NOTE 7 – COMMITMENTS AND CONTINGENCIES
Operating leases – On January 1, 1996, the Company entered into a lease with Clark County for 40 acres of land at McCarran International Airport, which expires December 21, 2025.
A schedule of future minimum rental payments are as follows:
| | | | |
Year | | Amount | |
2006 | | $ | 885,380 | |
2007 | | | 885,380 | |
2008 | | | 885,380 | |
2009 | | | 885,380 | |
2010 | | | 885,380 | |
Thereafter | | | 13,280,700 | |
| | | |
Total | | $ | 17,707,600 | |
| | | |
The preceding data reflects existing leases and does not include anticipated future replacements upon expiration.
Rent expense – Rent expense for the six months ended June 30, 2005 was approximately $443,974.
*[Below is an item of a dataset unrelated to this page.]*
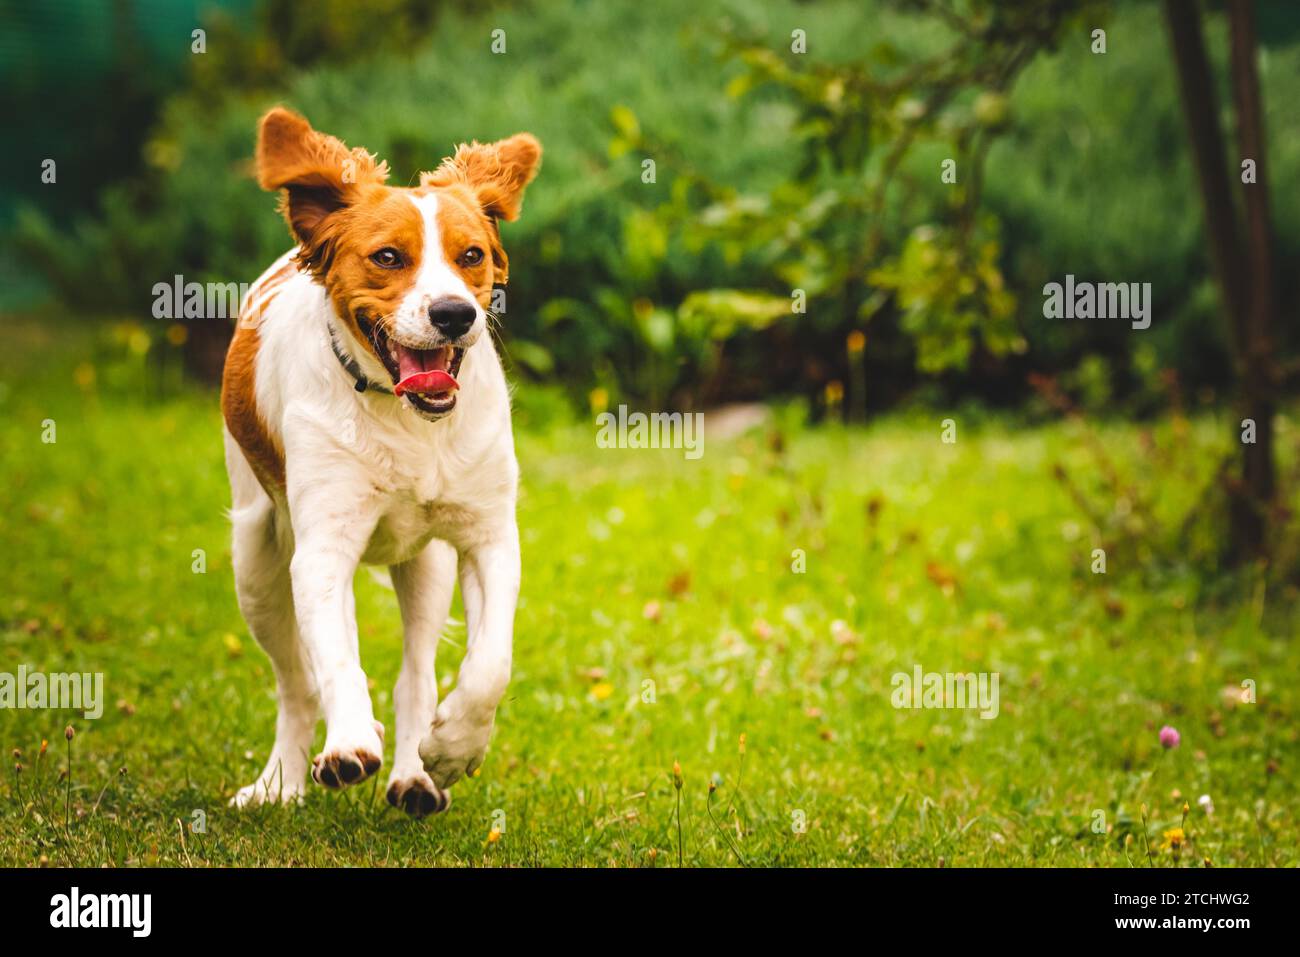 Breton spaniel puppy running towards camera, copy space on right Stock Photo

Contingencies – The Company has jointly entered into a loan agreement with Scenic, an affiliated entity, Scenic. At June 30, 2005 the Company is contingently liable for $2,570,111 of Scenic’s debt in the event of their default.
NOTE 8 – SUBSEQUENT EVENT
On August 12, 2005 all of the outstanding membership interests in the Company were acquired by a third party. In connection with the transaction, all notes payable and revolving lines of credit were paid in full.